Saturday, February 12, 2005

How high?

The old jokes are always the best. This one is best framed in terms of the grizzled old sergeant addressing the raw recruit, informing him that, when he is told to jump, the only permitted response is: "how high?"

So it is now with the relationship between our government, the government of a formerly independent nation, and the EU commission.

Last Tuesday, we reported how the UK was running into trouble with the commission over the ongoing farce of the EU's emission trading scheme arising from a "row" between our government and the commission over the precise levels of carbon dioxide industry will be permitted to pump into the atmosphere before they attract massive fines or will have to buy "carbon credits".

The UK was looking to increase the permitted threshold levels, amounting to a three percent overall increase in CO2 emissions, and was arguing the toss with the commission. But the inverted commas around the "row" were quite deliberate. There was no row in the ordinary sense of the word, which might convey a dispute between equals.

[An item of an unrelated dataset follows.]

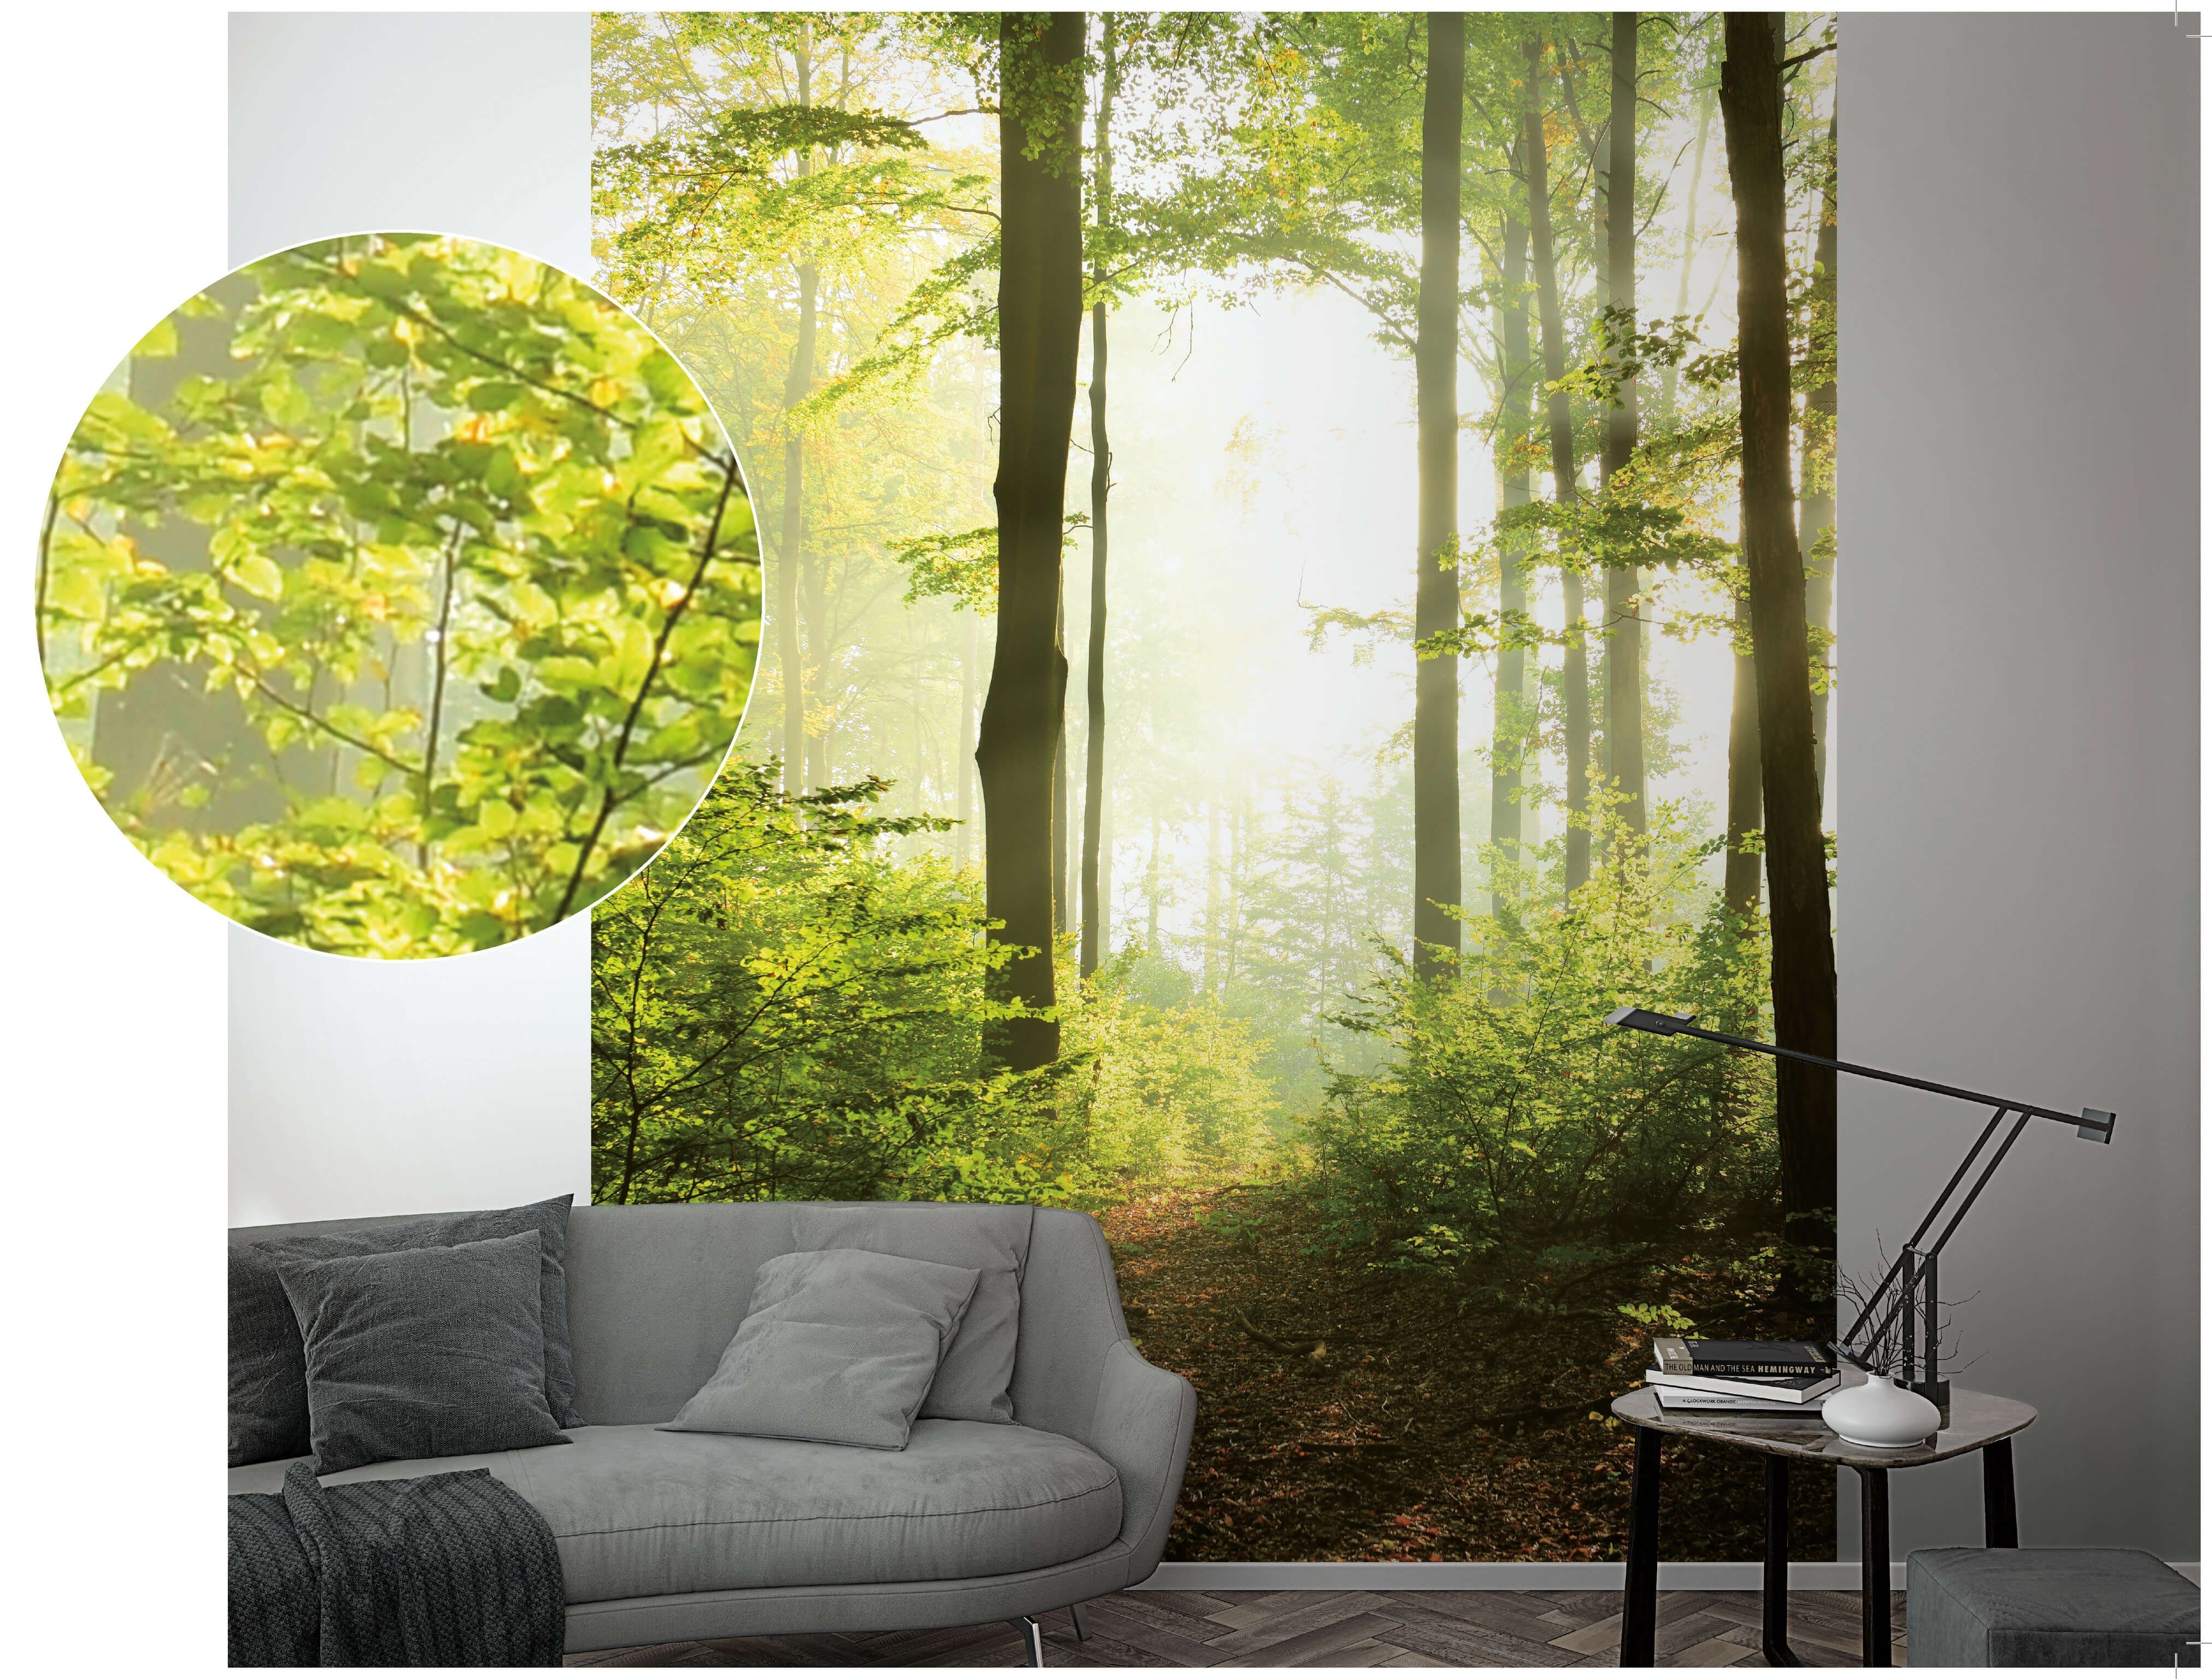 Newroom Vliestapete, [ 2,7 x 2,12m ] großzügiges Motiv - kein wiederkehrendes Muster - nahtlos große Flächen möglich - Fototapete Wandbild Wald Baum Licht Made in Germany

This has been clearly illustrated by yesterday's developments when, in response to the UK government's pleadings, the real government – the EU commission – has simply written back to inform its subordinate that its plans are "unacceptable".

The UK's original plan had in fact been approved by the government – the EU commission, that is – but British companies had complained that it was too severe. Thus, in October, the UK changed the limits and then went cap-in-hand to Brussels to ask permission to do so – with the results we have recorded.

Now squeezed between the rock of its own industries' protests and the unyielding commission, the UK government is squawking about taking the commission to the ECJ.

Nevertheless, the new environmental commissioner, Stavros Dimas, has simply declared that: "Amendments such as an increase of the total allocation by 19.8 million tonnes… are not acceptable".

Clearly, the UK government hasn't fully grasped the nature of its relationship with its master. The correct response to Mr Stravros Dimas is: "how high?"